IF THE SCOT IS A GRIPPY MAN WITH SILLER, it is because his land of birth is an ill place to gather gear. So when he gets even a pickle wealth, he is unco loth to part with it. But one way or another, Scotland has aye been rich in one thing—beggars.

It was Andrew Fletcher, the great patriot, who wrote within his own library at Saltoun in the year 1698 these words: "There are at this day two hundred thousand people begging from door to door. And though the number of them be perhaps double to what it was formerly, by reason of this present great distress, yet in all times there have been about one hundred thousand of these vagabonds who have lived without any regard or subjection either to the laws of the land, or even those of God and nature."

If the great statesman at Saltoun was right, then in a country with little over one million people in it, there must have been, at the beginning of the eighteenth century, one beggar for every five people in the land. Little wonder, then, that the country which has bred the best of men and brains on oatmeal and conscience was known at one time as Puir Auld Scotland.

Poverty has always been kindly dealt with in a country which itself has been so poor. Long ago, when hungry vagabonds roamed the country, the Scots law decreed that no man was to be charged with theft for as much meat as he could carry on his back. This was surely to lighten the weight of the heaviest sheep!

So to help the poor, in the time of James VI. a licence was given to a certain number of beggars in every parish. They wore blue gowns, to which were pinned lead badges supplied by the Kirk Session with the name of the parish stamped upon them. Added to their accoutrements of mendicancy was a stout leathern wallet which gave to these blue gownsmen the name of Gaberlunzies. Each parish was divided into different bands or strips, and a gaberlunzie might take one band each day until he had begged over the whole parish in a fortnight. To be three years resident in a parish was to qualify for the blue gown and lead token of the gaberlunzie.

From that ancient time to this, we have never been without the wandering man. In the towns and cities the law hunts him from one howf to another. But in the quiet country-places and in the highland glens in summer-time, he is still to be seen—no longer, it is true, with blue gown and leaden label, but with his little brown tent and willow wands, in which his gangrel wife and brown, barefooted bairns sleep, or trudging on alone with his bundle on his back, the world always before him at the top of each brae, and life one Great To-morrow that holds in it for him, no more or less than for us, the new, the unknown, and the better things that are always to be.

But the Blind Gangrel was one of the last of these namely picturesque wandering men that in past days used to make the roads of Scotland the happy hunting ground of those who love all that is kenspeckle in human nature.

It is many years since I first saw him with his dogs near the long glen-foot which lies on the wise man's side of Schiehallion. He was then on his way from Loch Tay to Rannoch, and as he never covered more
than five or six miles of good high road in the space of one day, it was easy to win up on him from behind.

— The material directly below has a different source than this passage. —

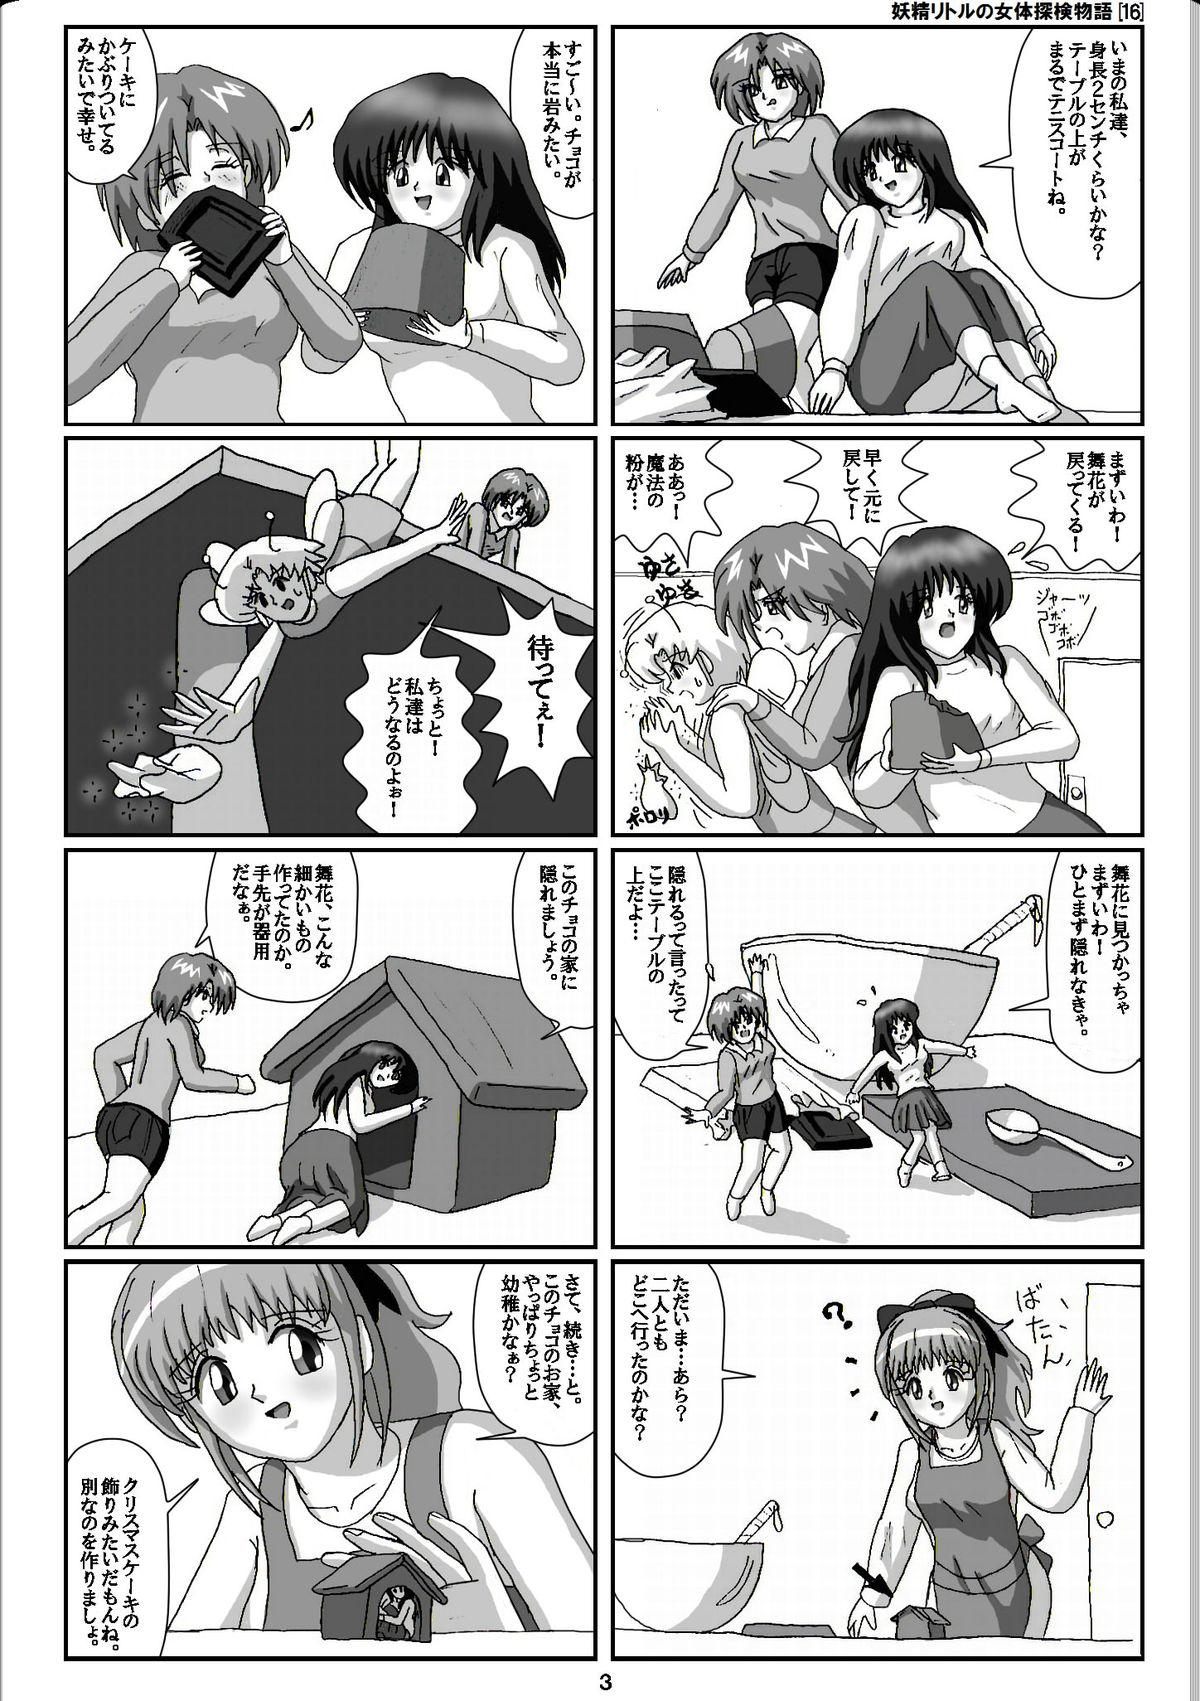 Vagina Yousei Little no Nyotai Tanken Monogatari Gets - Page 3

What a queer character he was! He had a good six feet of highland stuff in him, with a fine old headpiece set proudly on a pair of broad shoulders, a brick-brown weather-beaten face with an old glengarry bonnet cocked over a shock of curly white hair. The high brow, the eagle nose with the aggressive breeding of a whole score of chieftains in it, a middling chin, with just a hint of slackness about the mouth below the white moustache, and a pair of true-blue, misty, farben highland eyes—surely a fine adventure in headcraft this, if only the eyes had not been blind! For the rest— add an ancient kilt of the colour that needs no introduction in Lochaber, home-knitted hosen of red and black marl, monstrous boots, a ragged rain-coat with a hint of the fine gentleman still in its cut, and over coat and all a thick black tarpaulin cape.

Whatever treasures of the humble this last might hide, it still took the baggage and the dogs to complete the blind gangrel's accoutrements. For, slung across the shoulders was a thick leathern strap, from one end of which dangled a square wooden box on the chest, balancing two bolsters or pokes, which hung from the other end down on the small of his back. In each hand he carried a stout stick to guide him as he crept along, grasping at the same time in the left hand the long dog-chain of the dour-looking collie that led him. A second collie ranged freely by his side. A set of bagpipes lay in the wooden box, and the back bolsters contained his changes and wherewithals.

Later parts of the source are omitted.